** Opening SUPPLIED DATA block **
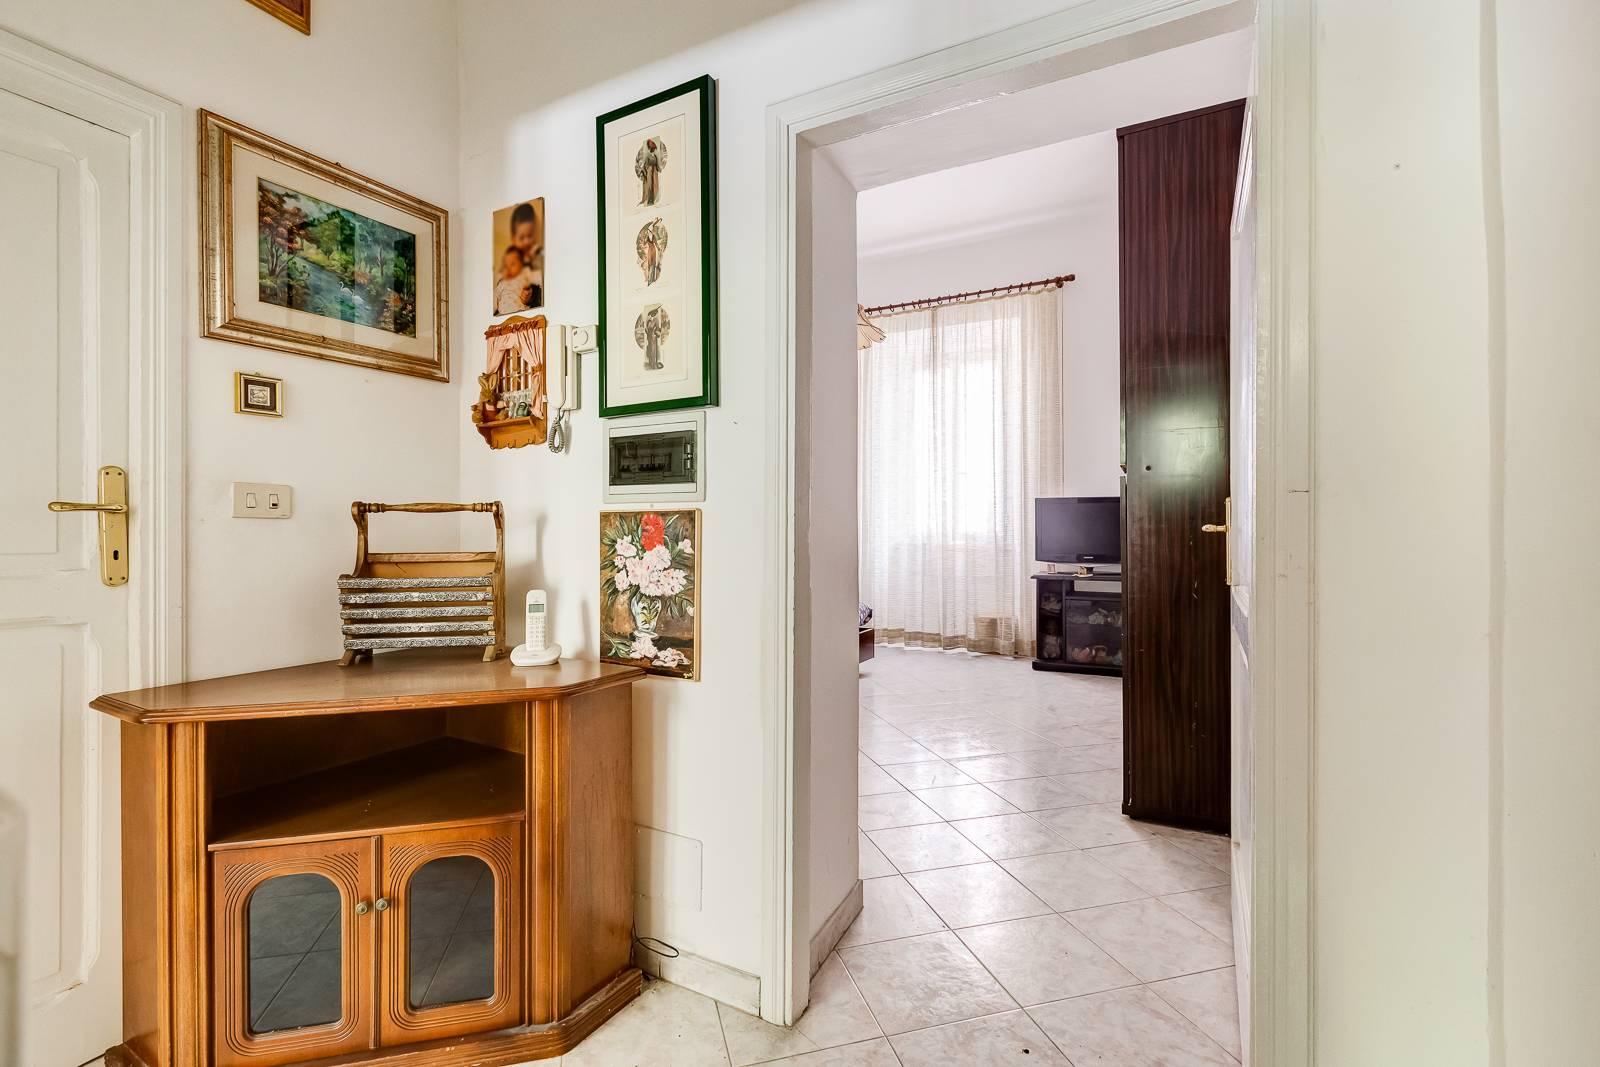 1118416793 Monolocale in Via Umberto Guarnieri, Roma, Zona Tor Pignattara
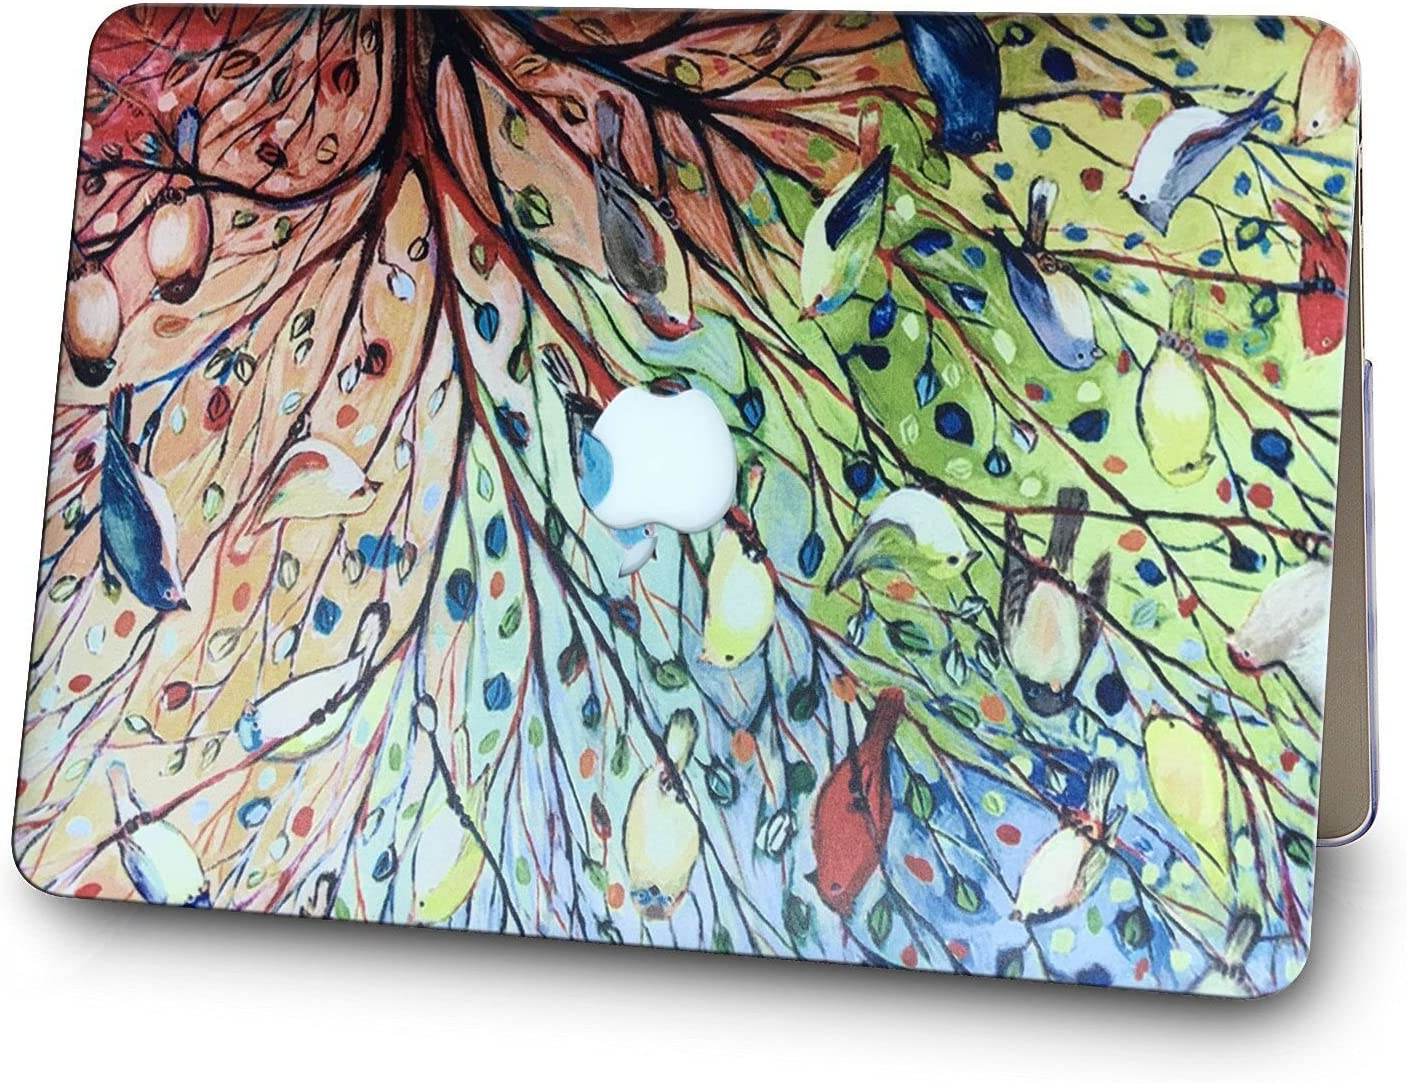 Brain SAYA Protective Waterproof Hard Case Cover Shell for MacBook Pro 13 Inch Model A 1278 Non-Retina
** Closing SUPPLIED DATA block **
** Opening SUPPLIED DATA block **
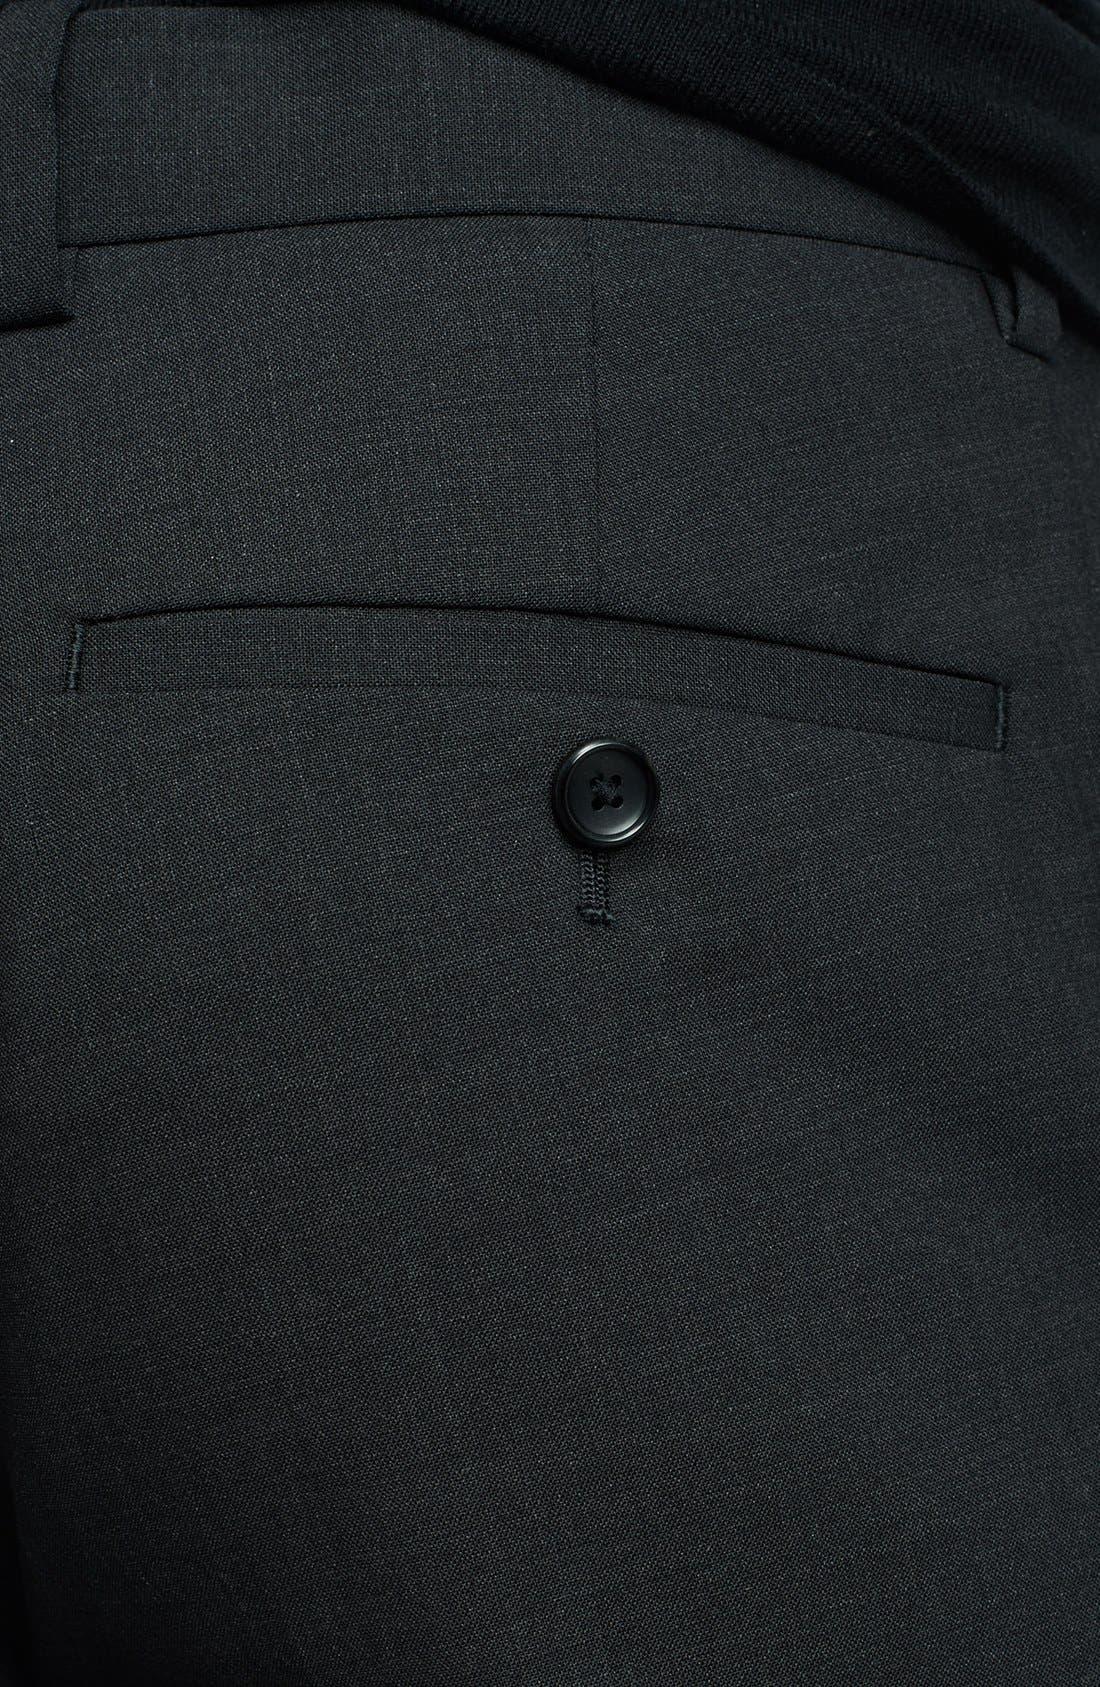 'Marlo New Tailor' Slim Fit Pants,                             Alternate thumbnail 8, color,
** Closing SUPPLIED DATA block **
** Opening SUPPLIED DATA block **
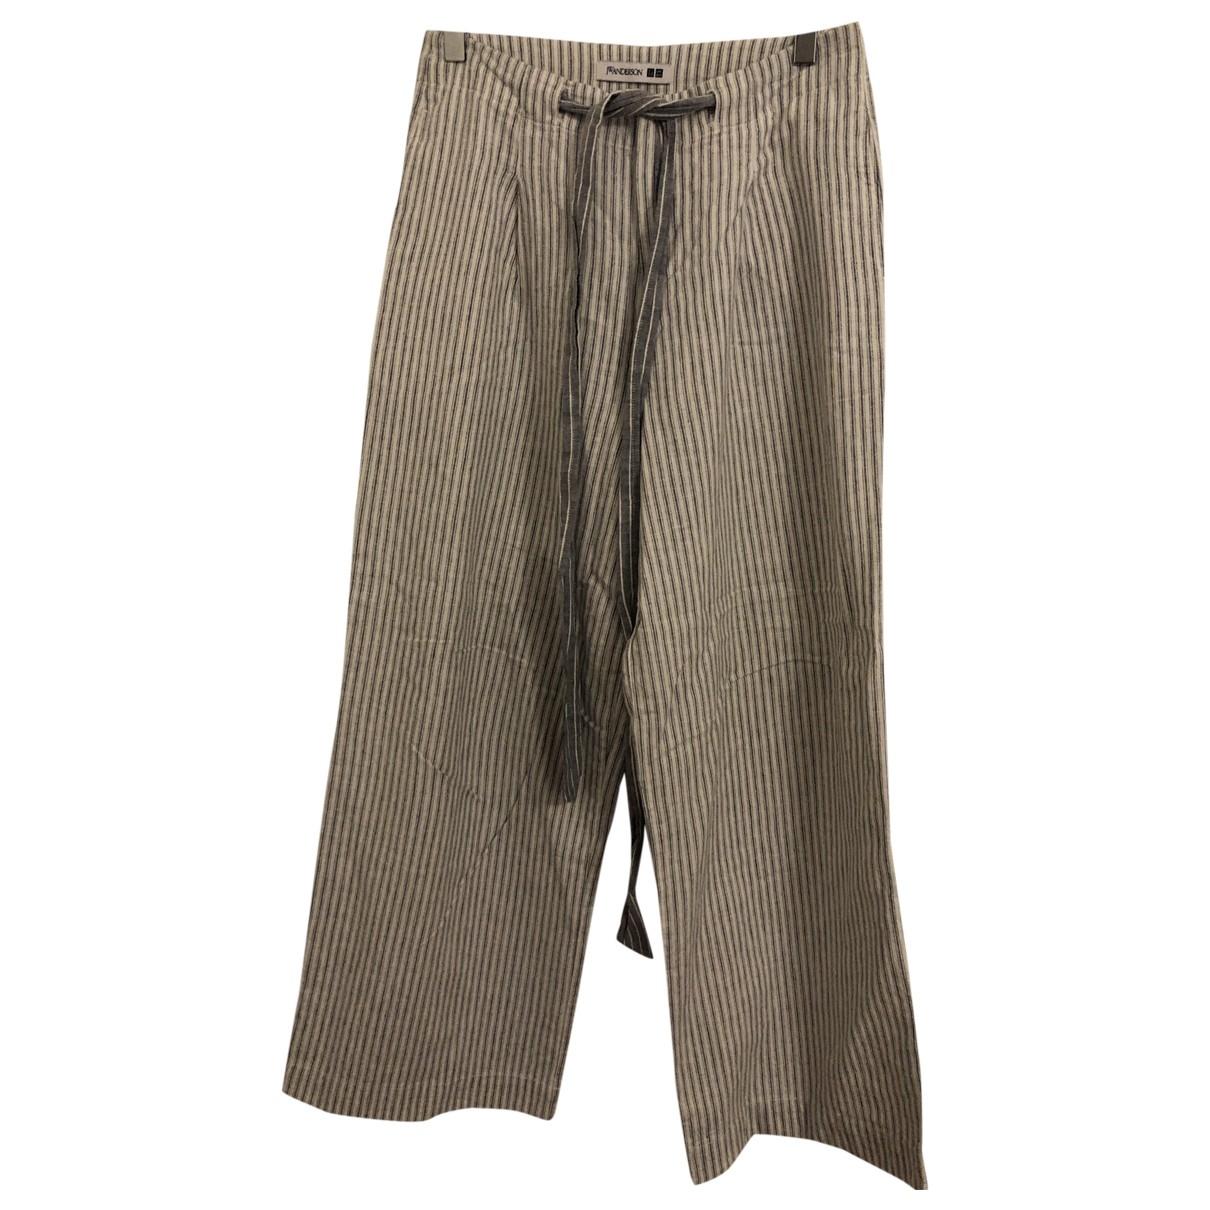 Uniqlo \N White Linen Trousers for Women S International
** Closing SUPPLIED DATA block **
EXERCISE
Among the entries above, find the line with "1118416793 Monolocale in" and repeat exactly from there through the line with "Brain SAYA Protective", leaving out the pictures.

RESPONSE AREA
 1118416793 Monolocale in Via Umberto Guarnieri, Roma, Zona Tor Pignattara
 Brain SAYA Protective Waterproof Hard Case Cover Shell for MacBook Pro 13 Inch Model A 1278 Non-Retina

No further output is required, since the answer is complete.